>>>

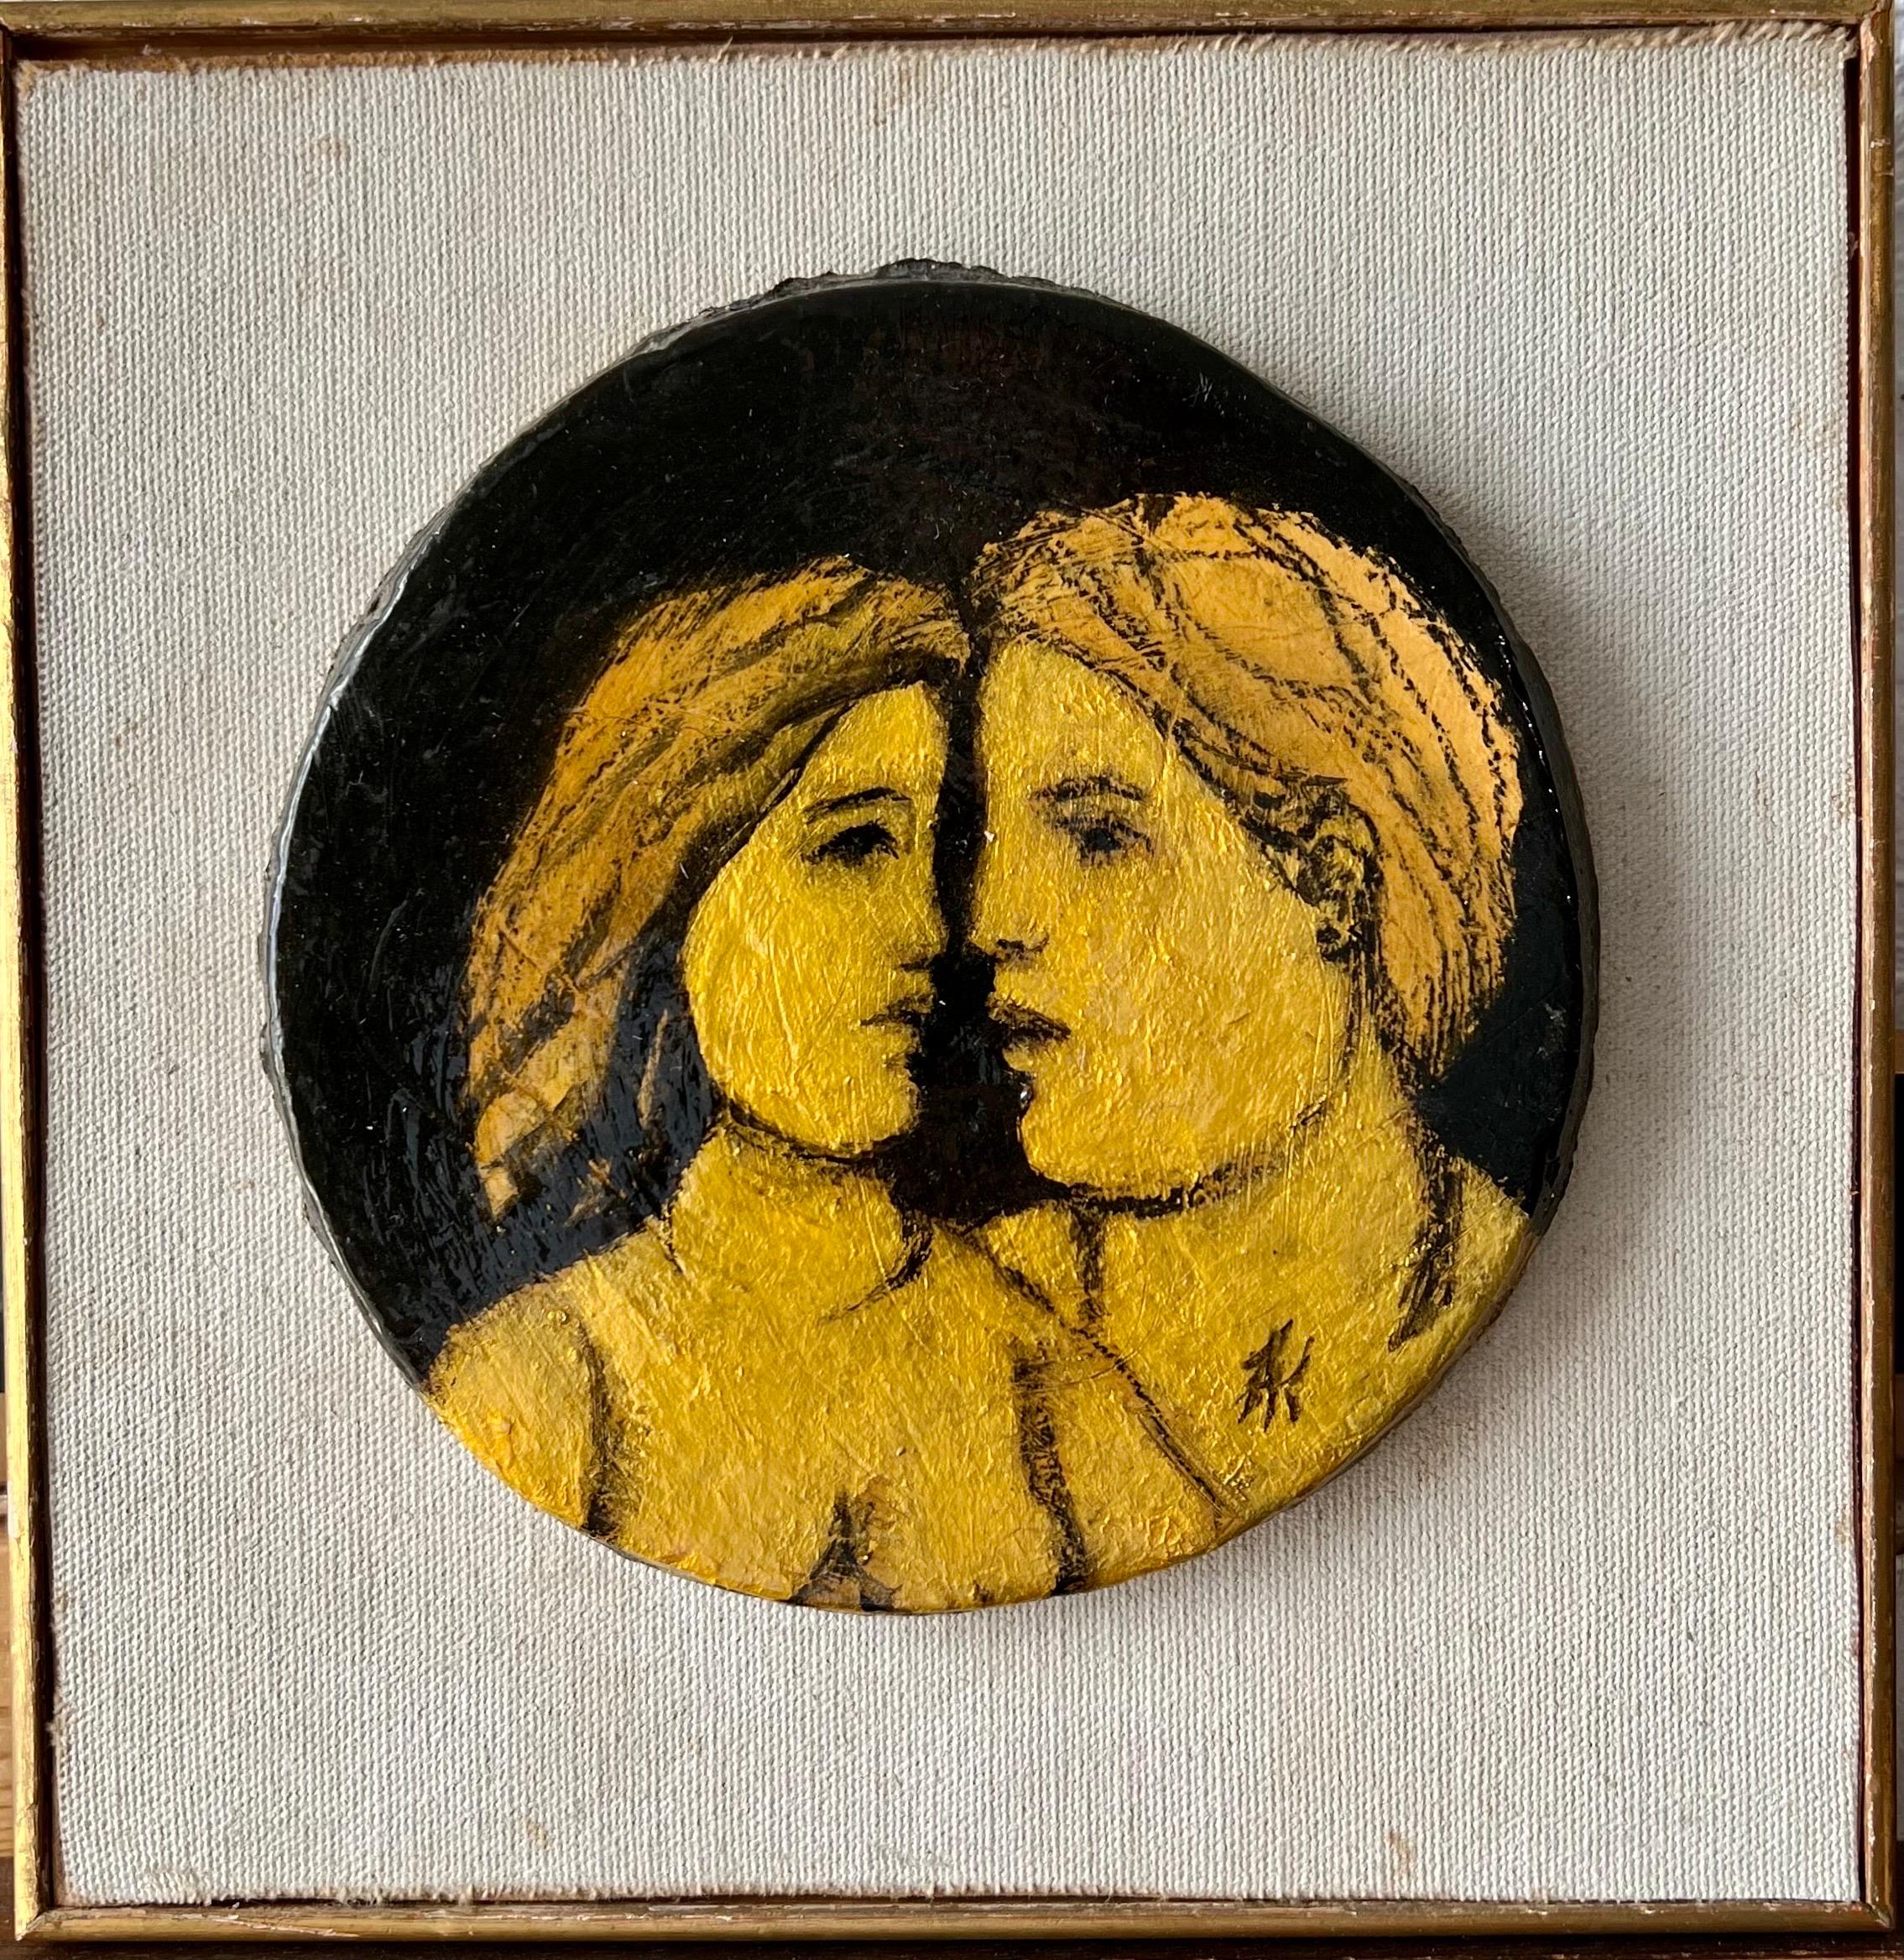 Frank Kleinholz (Brooklyn, 1901 - 1987)
Liebende 
Einzigartige glasierte Miniaturplastik aus Keramik mit Blattgold oder Folie unter der Glasur.
Rekto paraphiert und verso handsigniert mit einer Selbstporträtzeichnung.
Gerahmte Maßnahmen 8,75 x 8,75

<<<

Task directions — Drop the images and quote the entries word for word.

Output below —
 Frank Kleinholz (Brooklyn, 1901 - 1987)
Liebende 
Einzigartige glasierte Miniaturplastik aus Keramik mit Blattgold oder Folie unter der Glasur.
Rekto paraphiert und verso handsigniert mit einer Selbstporträtzeichnung.
Gerahmte Maßnahmen 8,75 x 8,75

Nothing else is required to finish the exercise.